*** Records supplied Section Begins ***

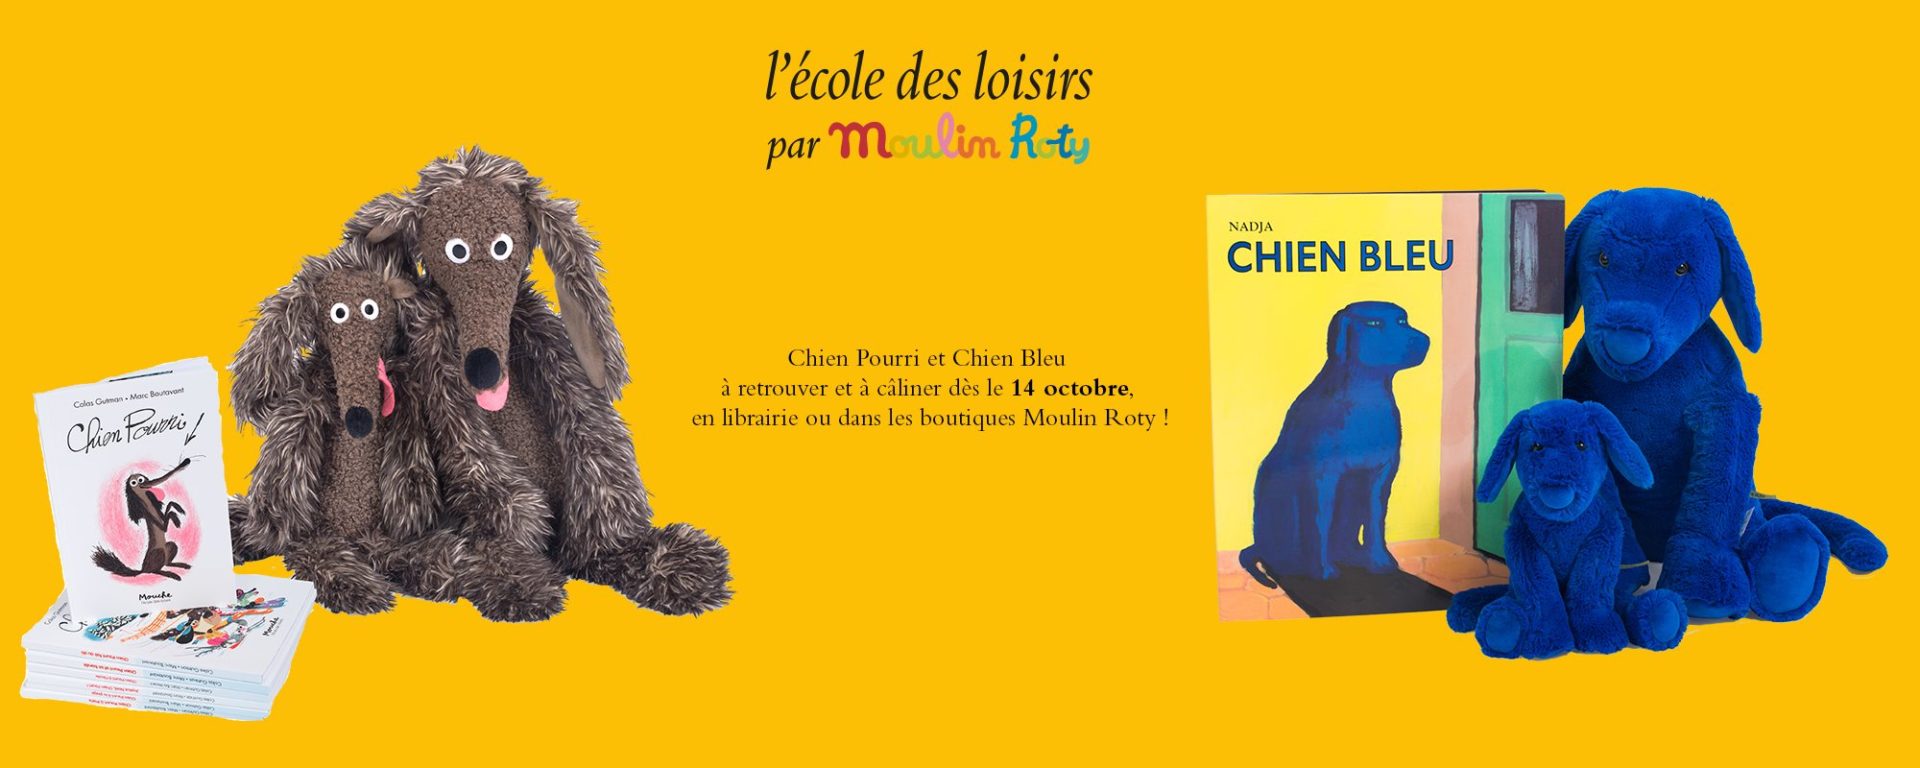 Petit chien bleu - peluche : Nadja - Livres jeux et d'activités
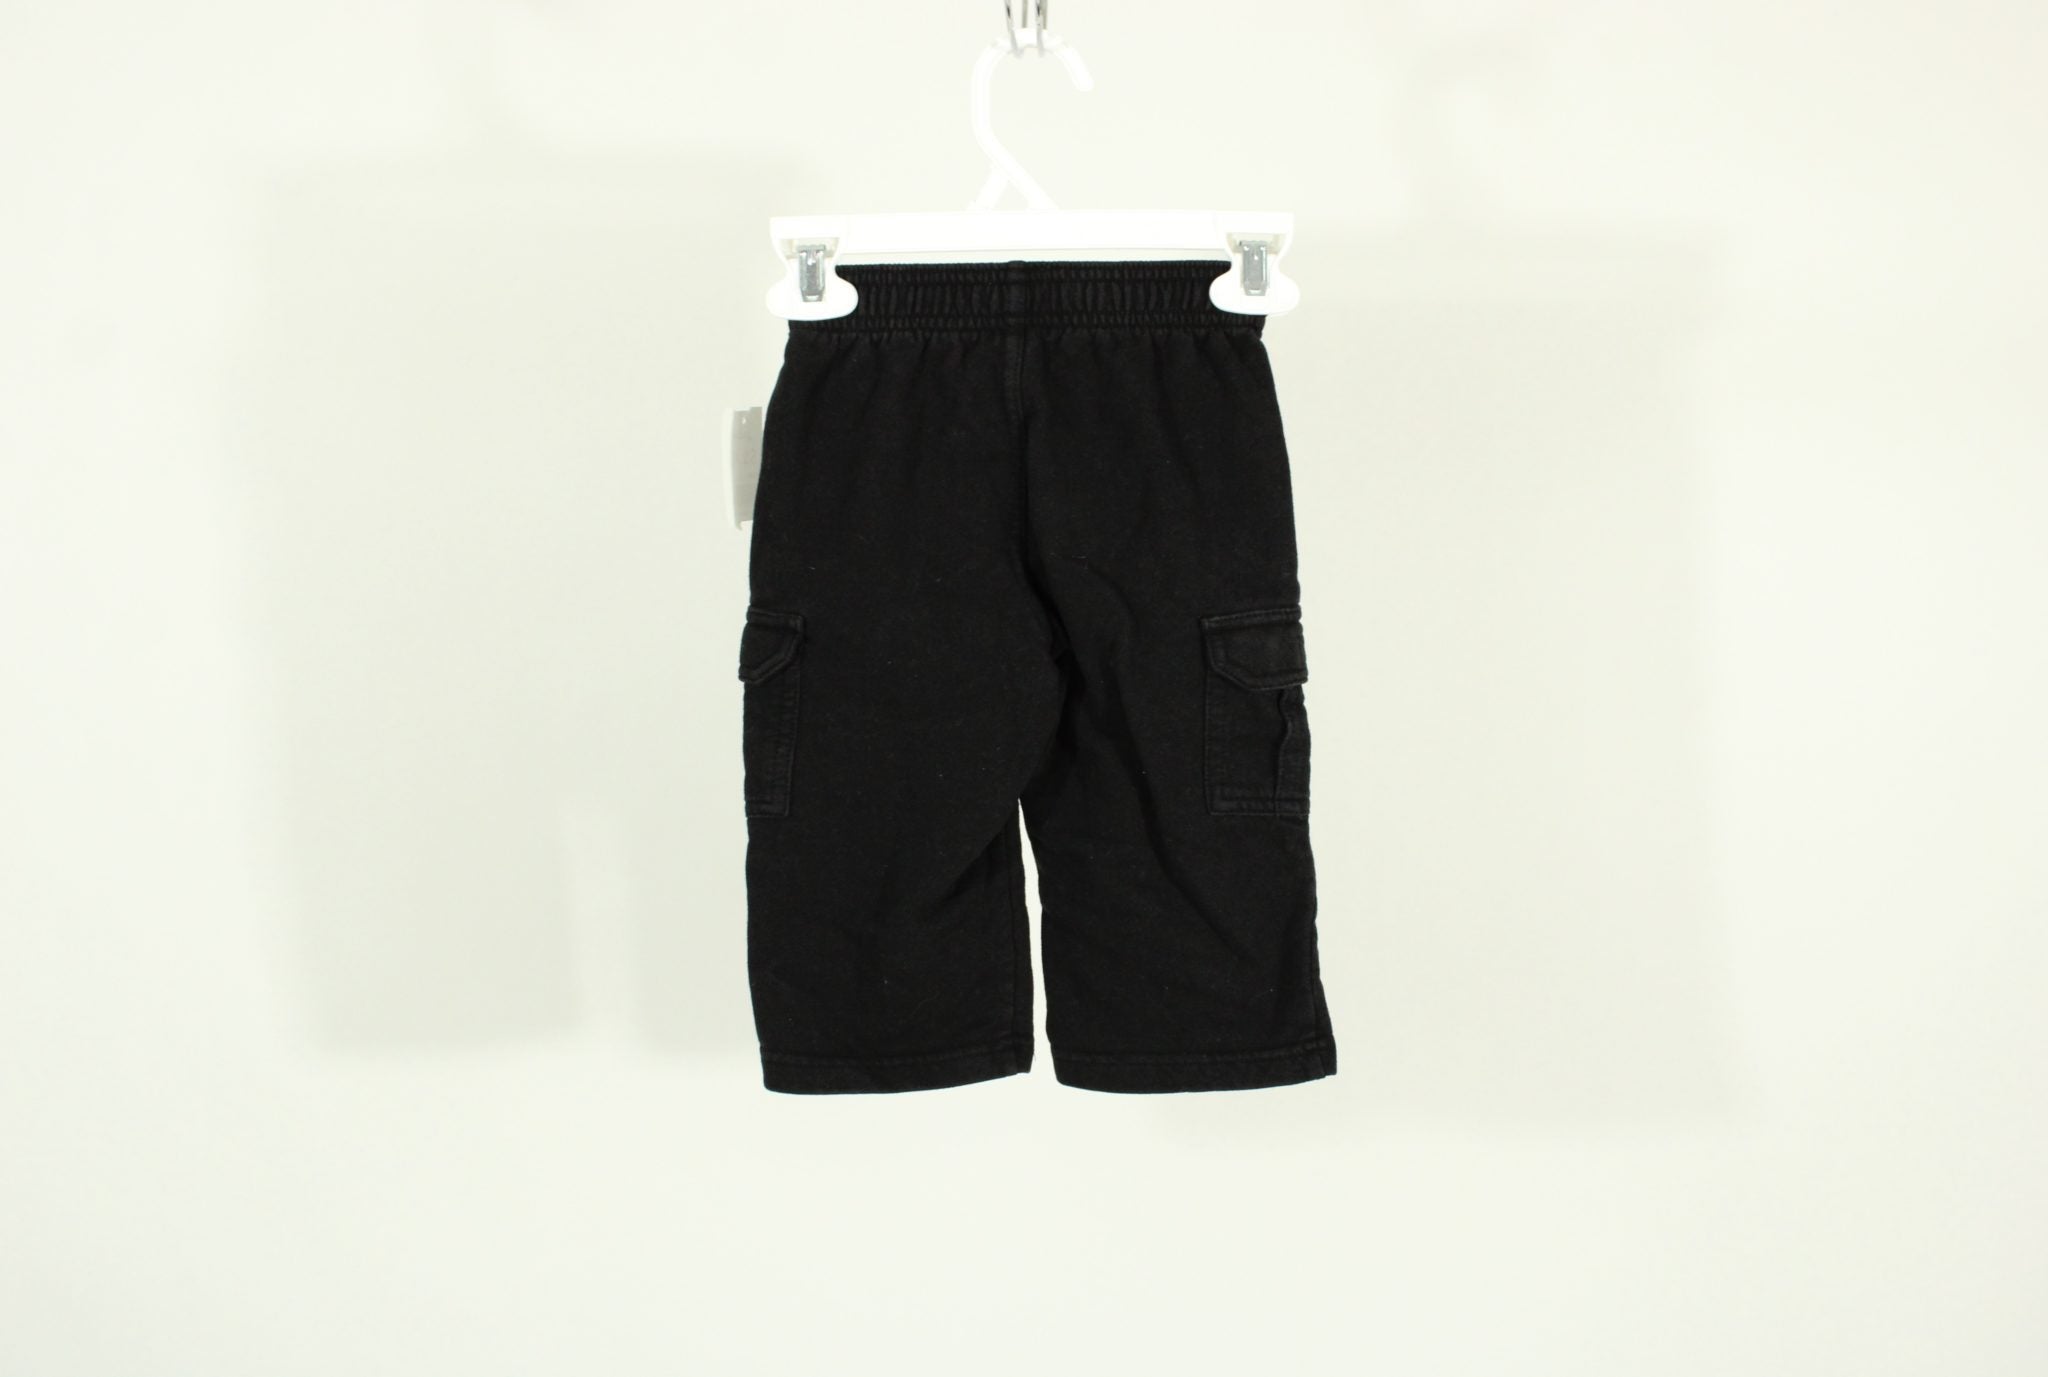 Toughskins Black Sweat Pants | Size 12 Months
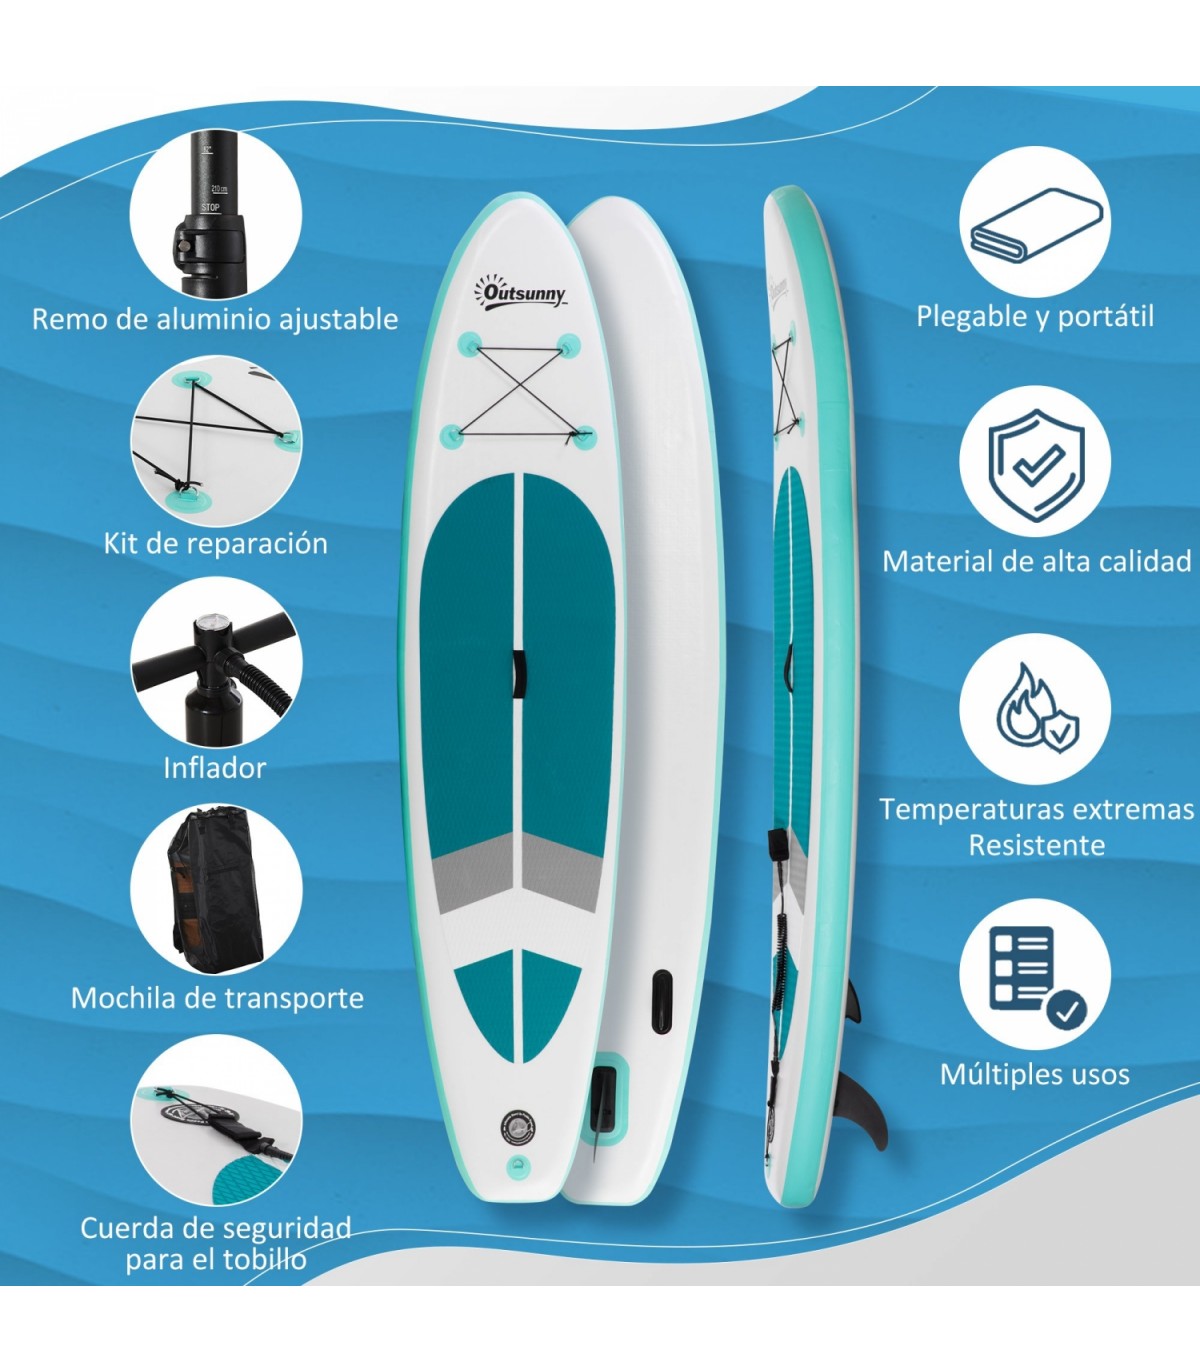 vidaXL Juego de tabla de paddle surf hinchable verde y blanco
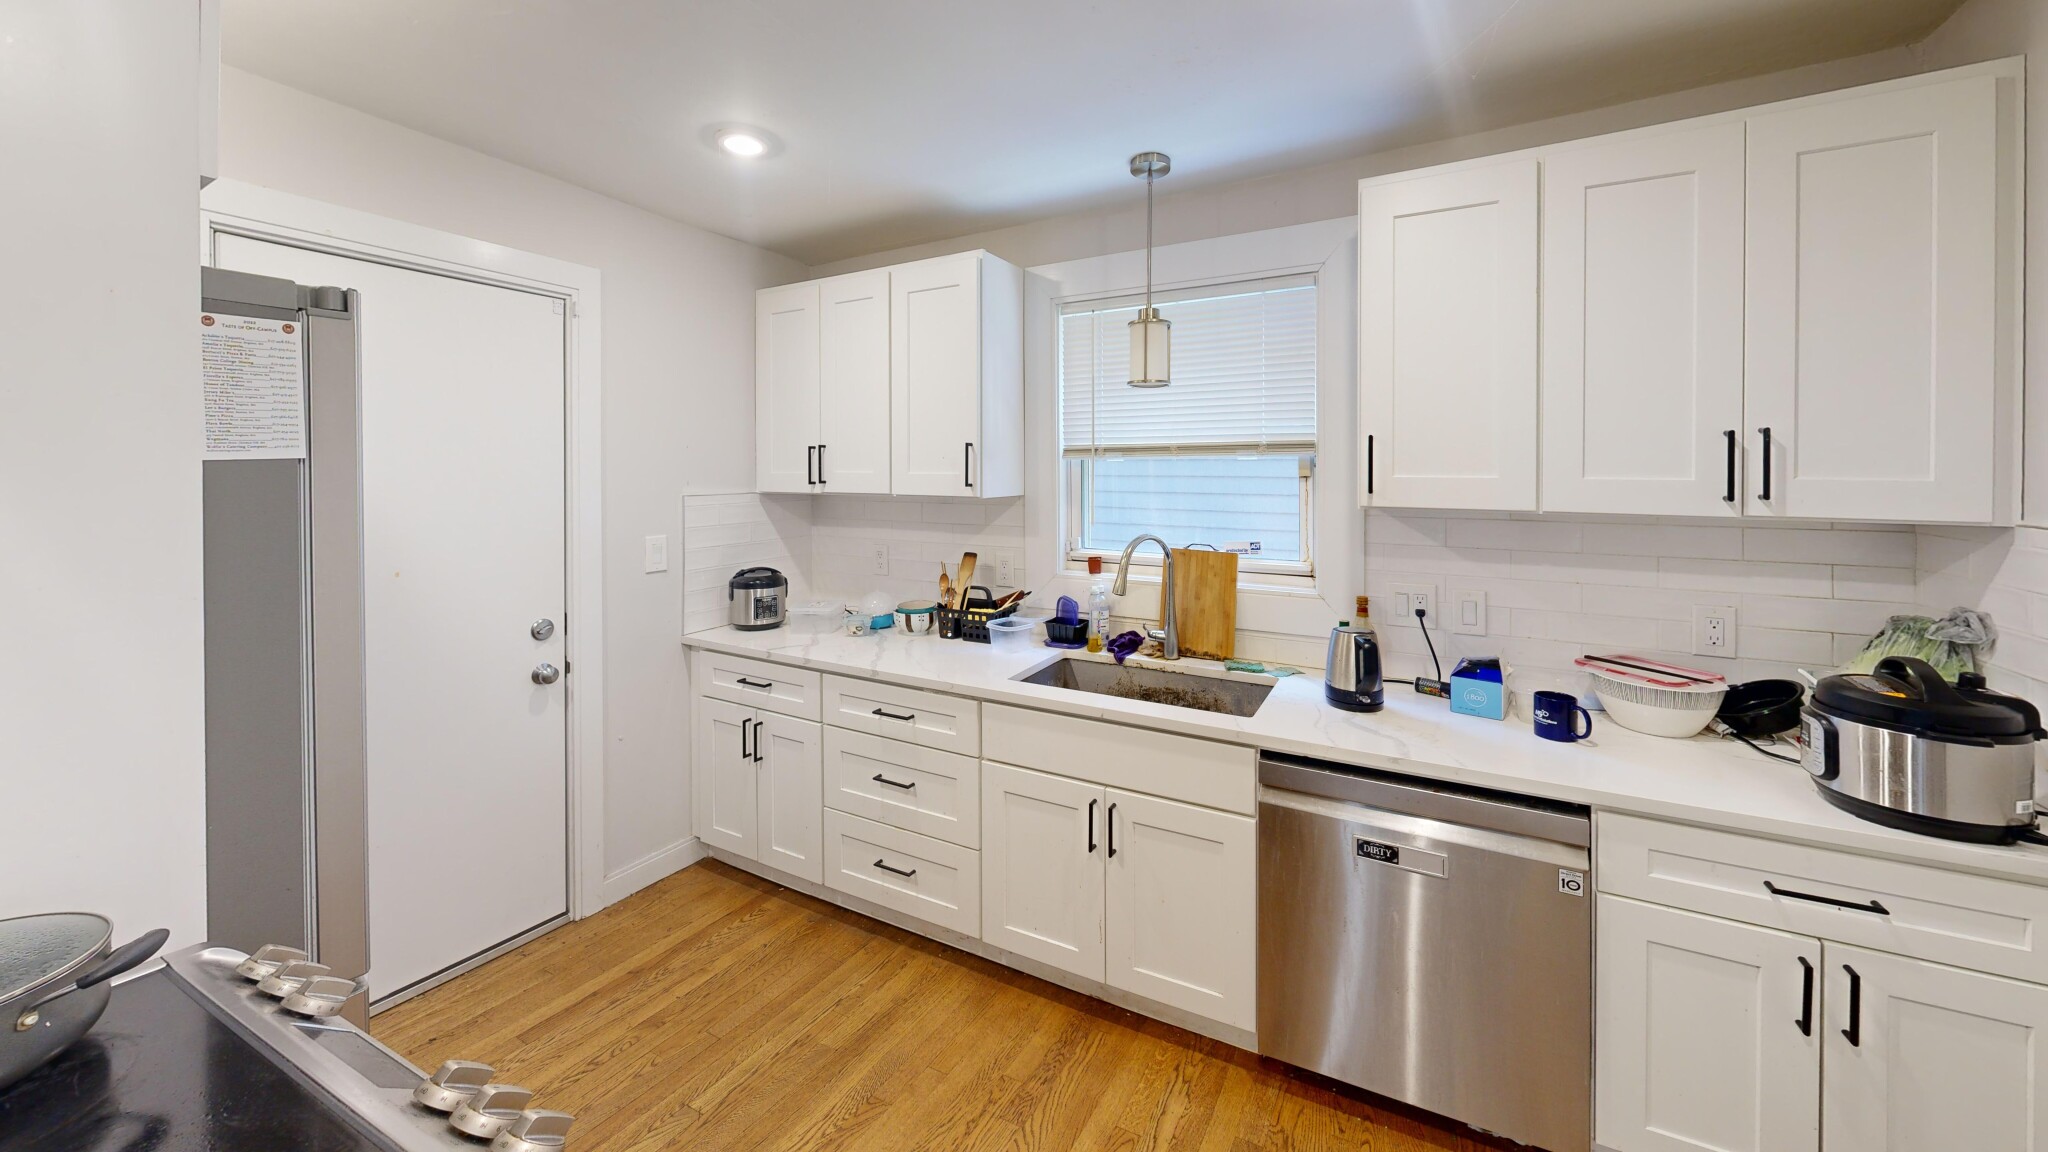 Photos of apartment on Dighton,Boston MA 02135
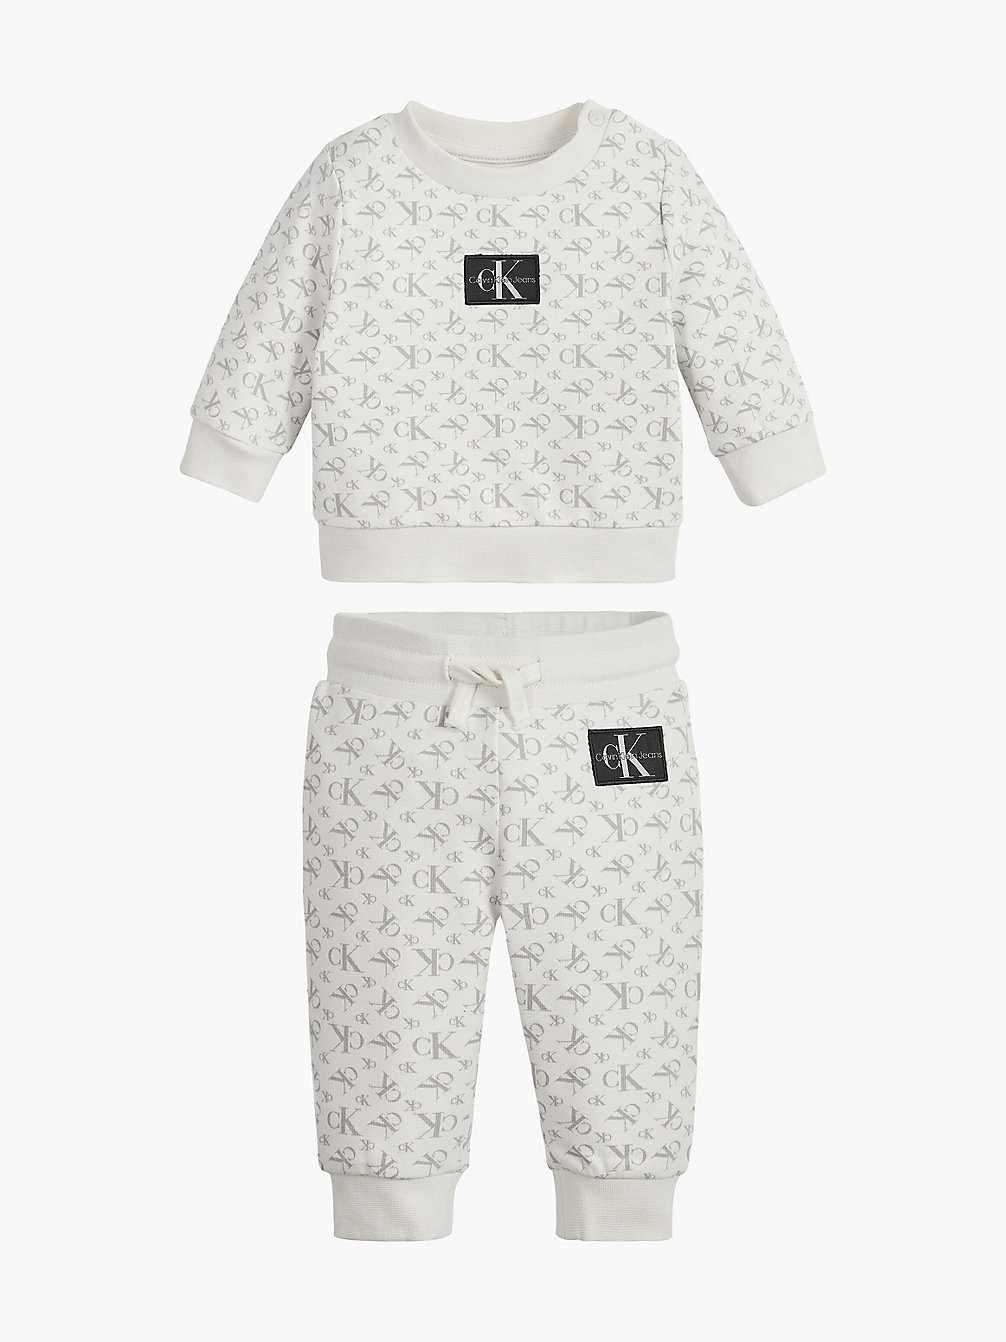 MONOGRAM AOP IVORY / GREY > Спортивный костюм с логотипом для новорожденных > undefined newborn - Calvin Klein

*** Records supplied Section Ends ***

Directions:
Print every record exactly without the images.

Exercise solution:
 Petit chien bleu - peluche : Nadja - Livres jeux et d'activités
 Toughskins Black Sweat Pants | Size 12 Months
 vidaXL Juego de tabla de paddle surf hinchable verde y blanco
 Photos of apartment on Dighton,Boston MA 02135
 MONOGRAM AOP IVORY / GREY > Спортивный костюм с логотипом для новорожденных > undefined newborn - Calvin Klein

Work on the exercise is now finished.